What must be handed in is the entire listing, exactly as written, with no pictures.
====== THE DATA
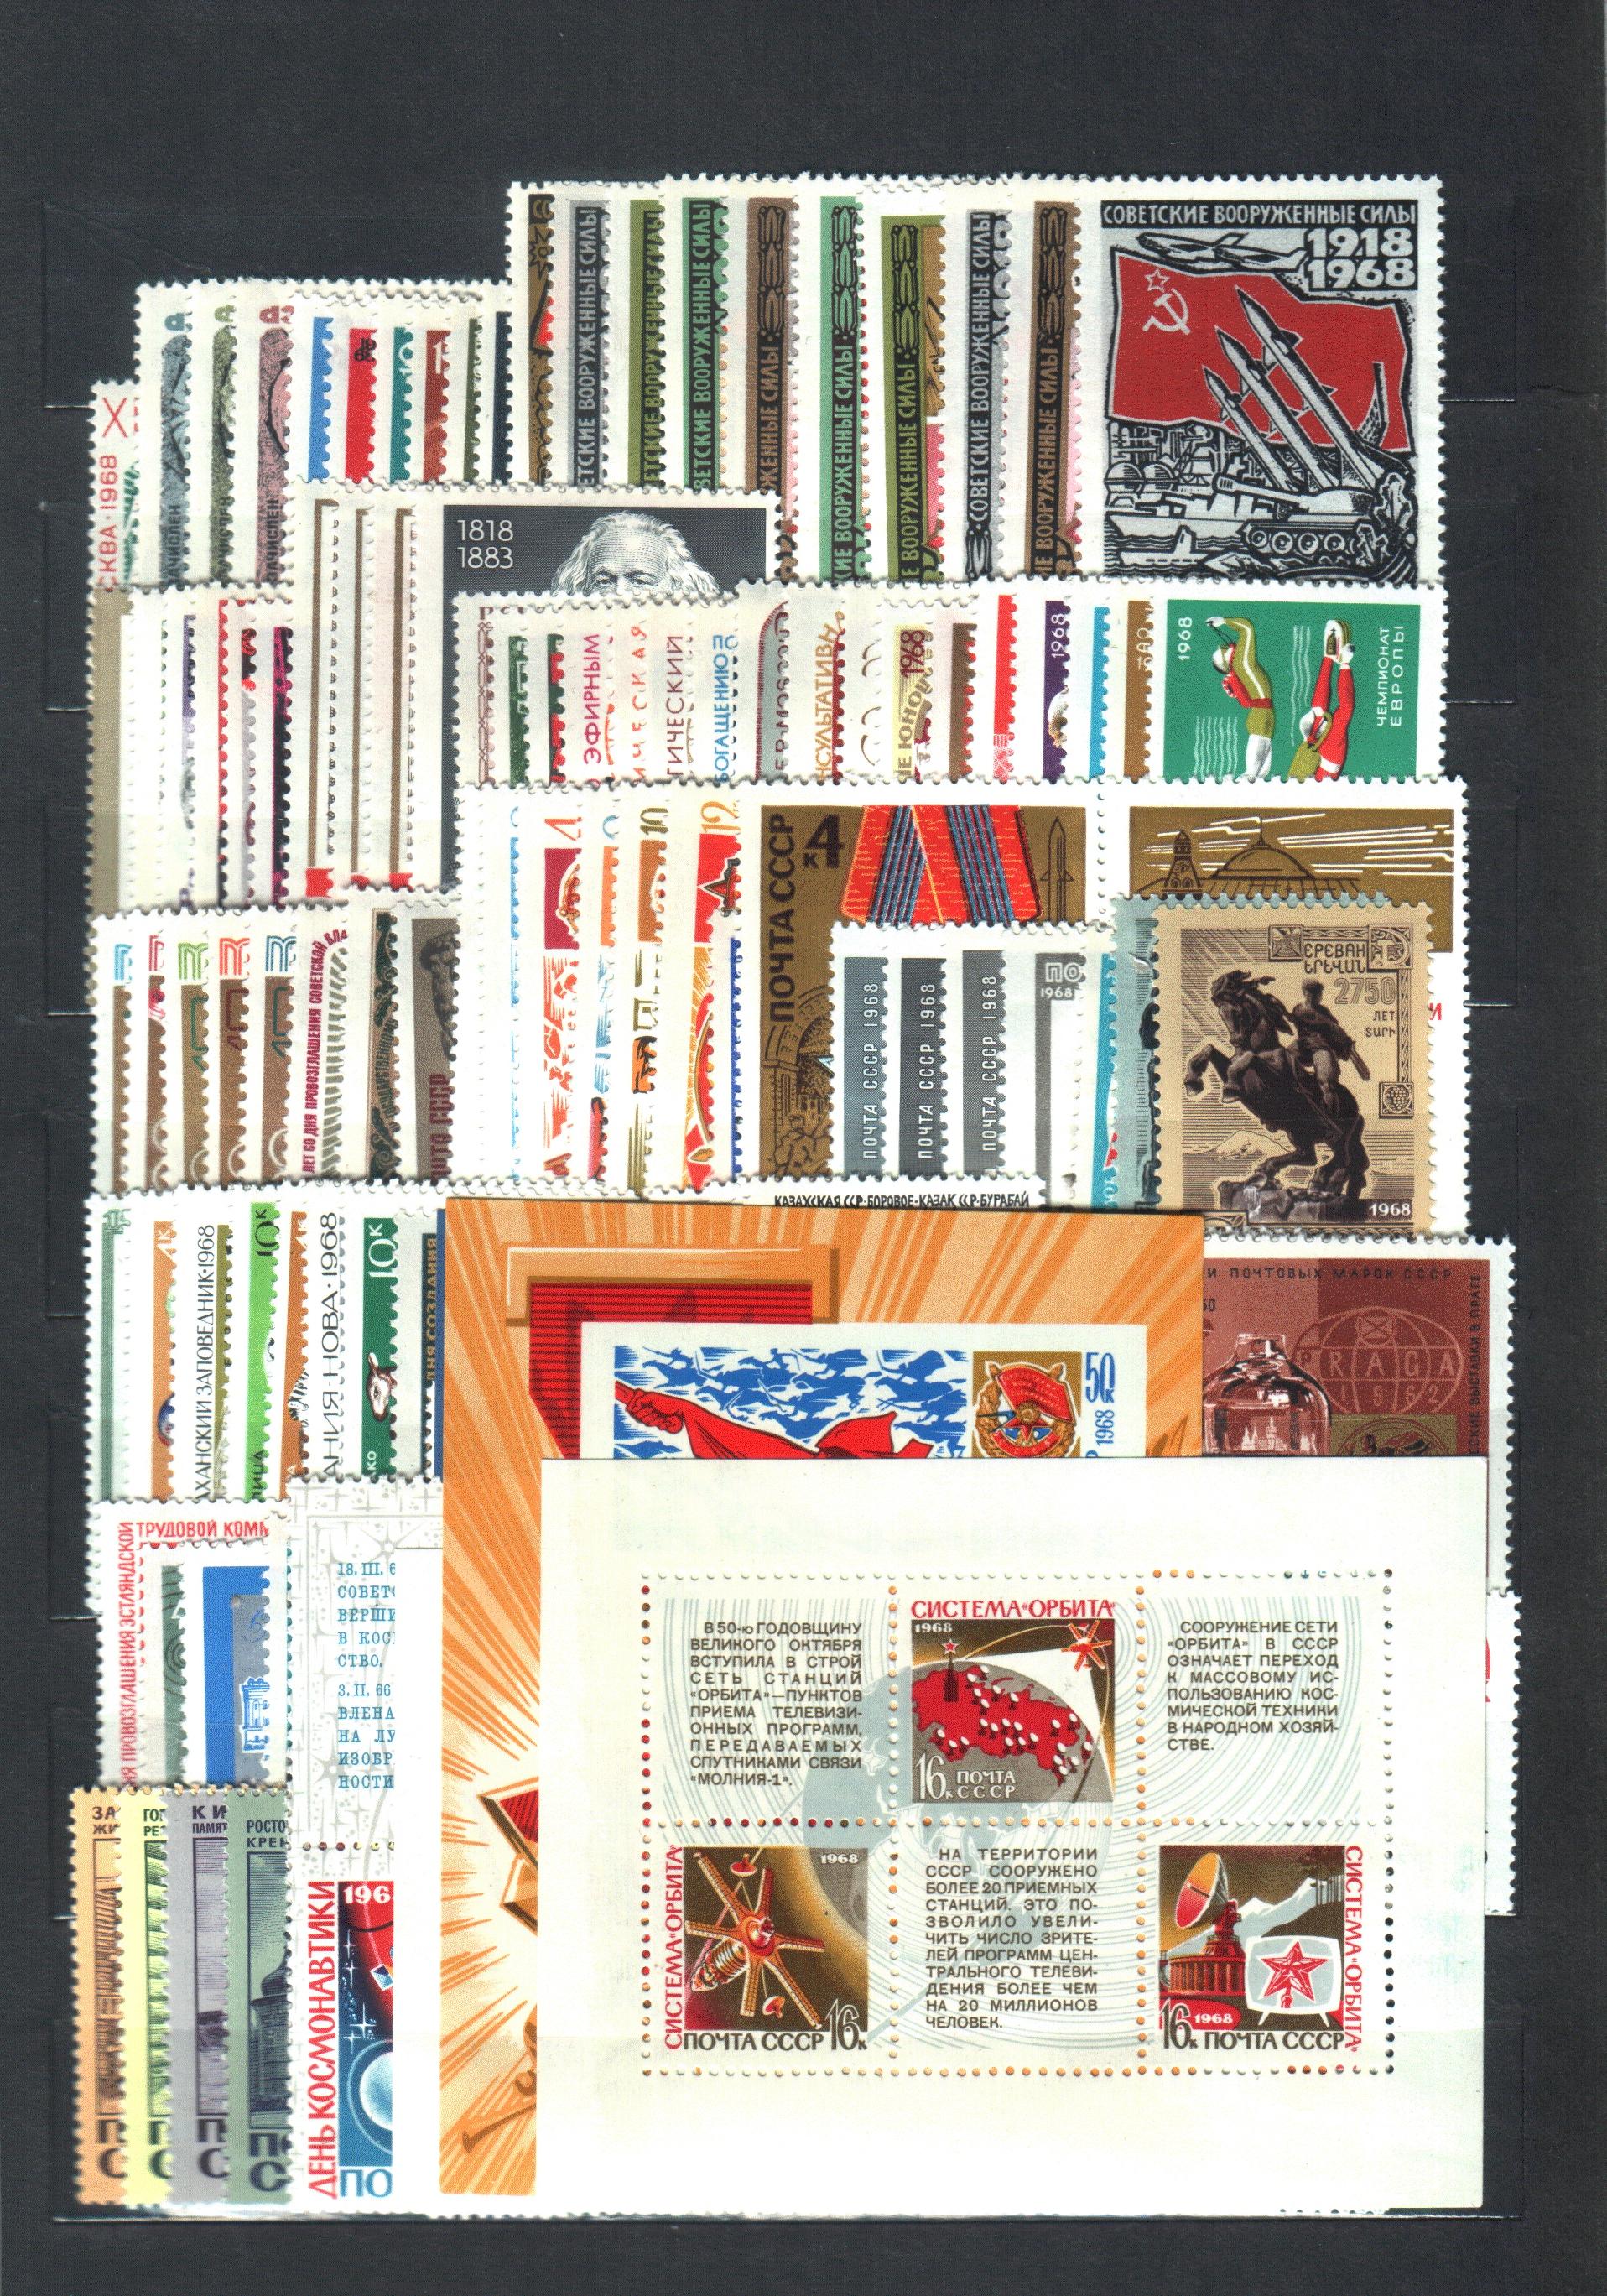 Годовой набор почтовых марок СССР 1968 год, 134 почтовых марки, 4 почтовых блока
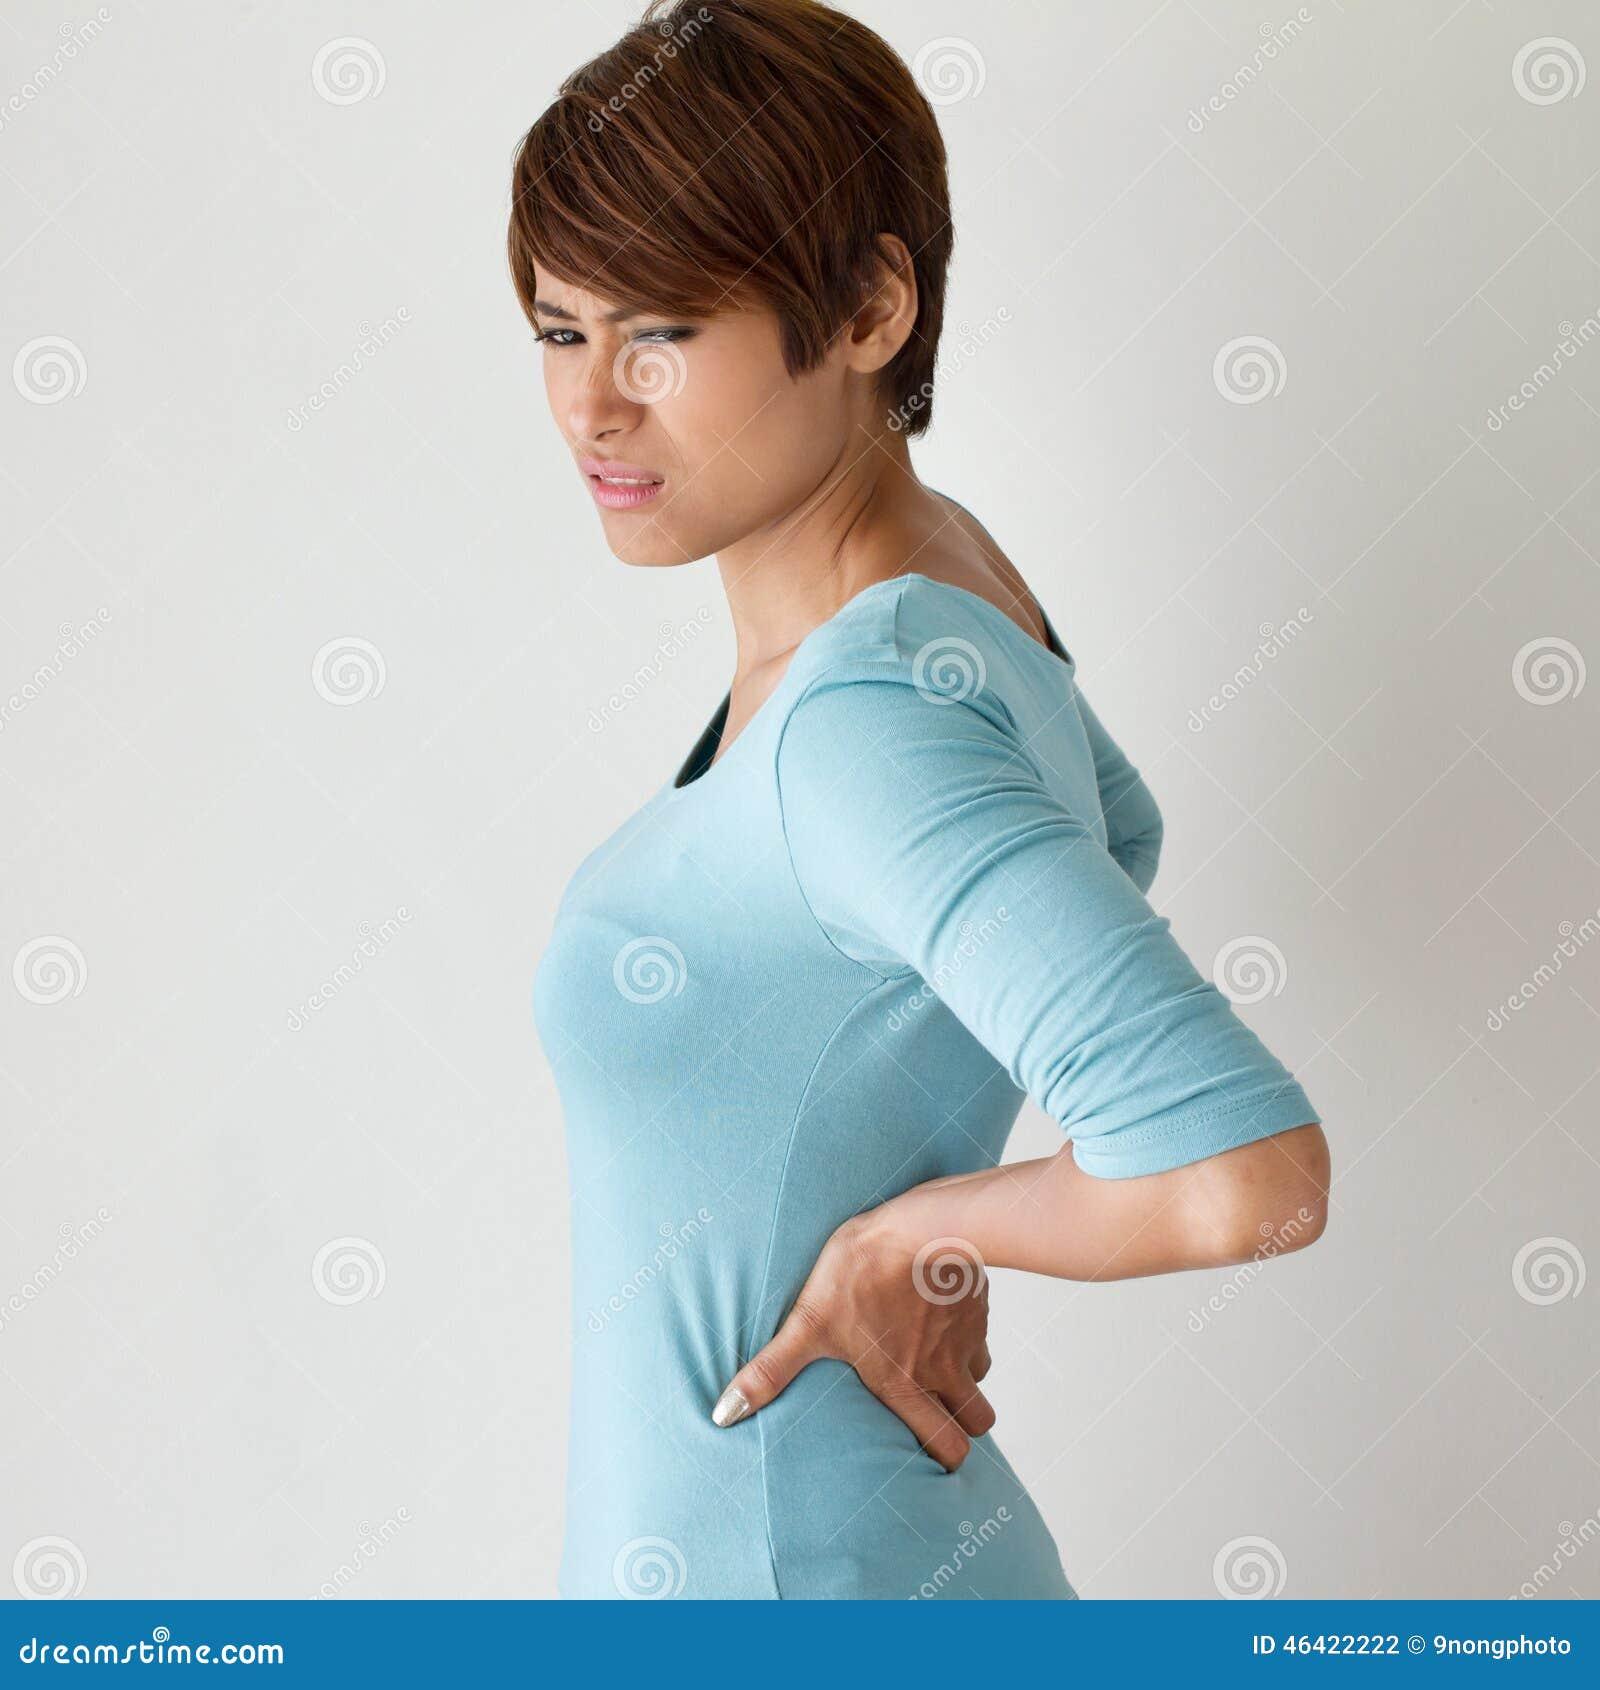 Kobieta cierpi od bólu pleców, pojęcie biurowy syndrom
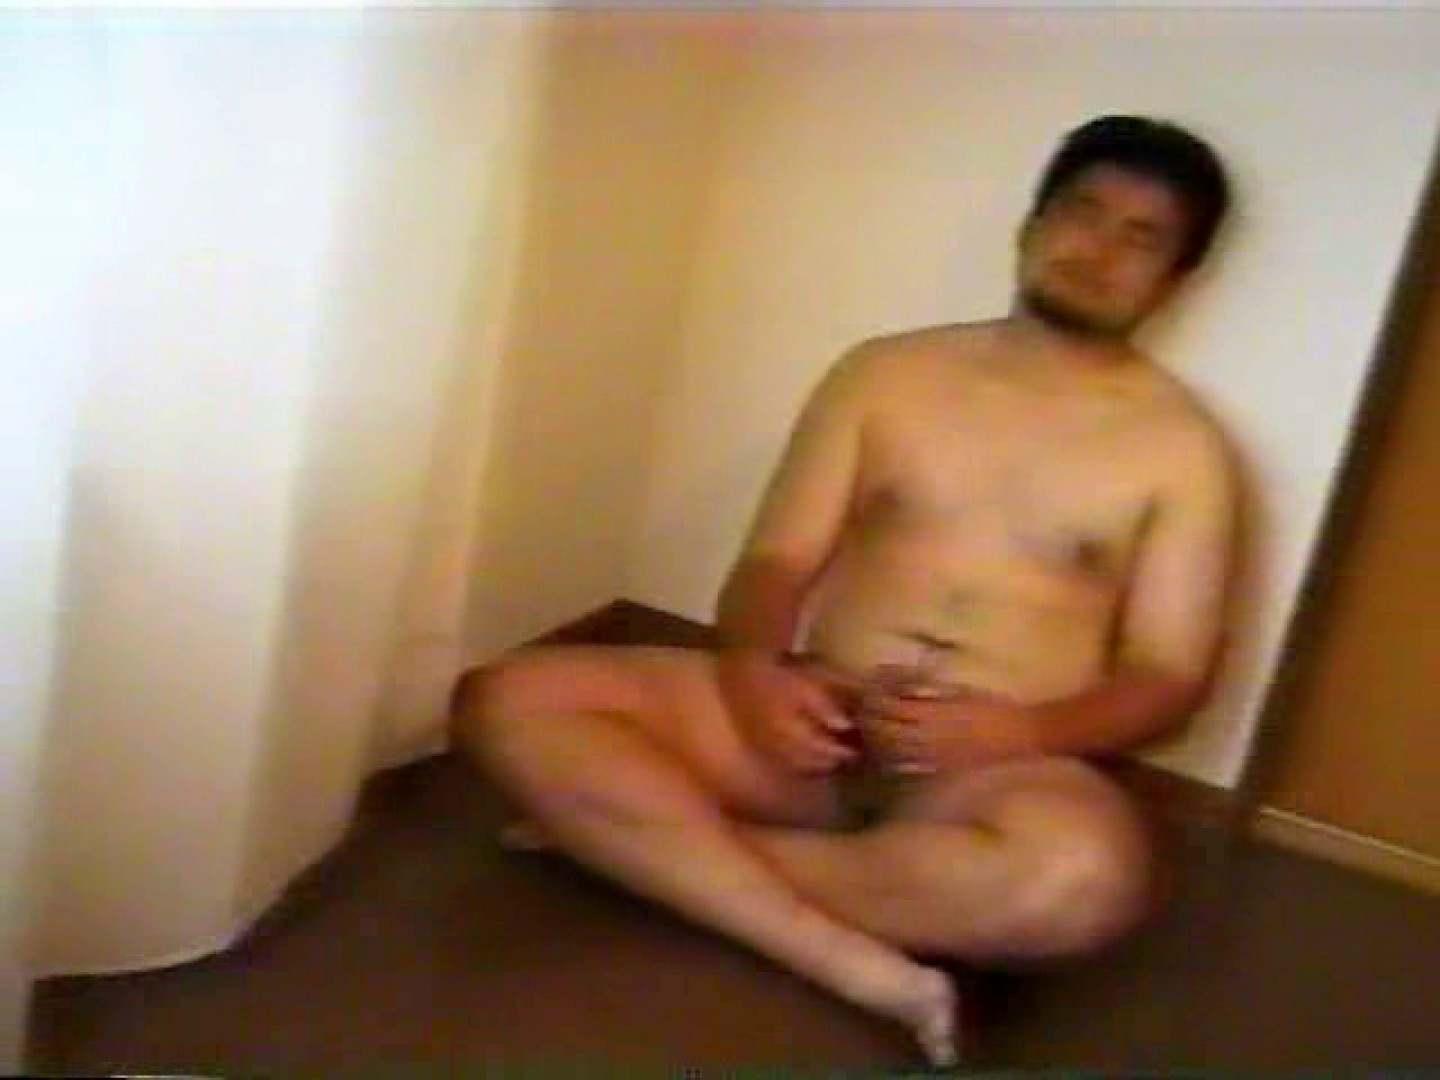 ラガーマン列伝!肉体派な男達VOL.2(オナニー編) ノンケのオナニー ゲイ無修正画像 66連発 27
============
WRITTEN SOLUTION.
 Годовой набор почтовых марок СССР 1968 год, 134 почтовых марки, 4 почтовых блока
 Kobieta cierpi od bólu pleców, pojęcie biurowy syndrom
 ラガーマン列伝!肉体派な男達VOL.2(オナニー編) ノンケのオナニー ゲイ無修正画像 66連発 27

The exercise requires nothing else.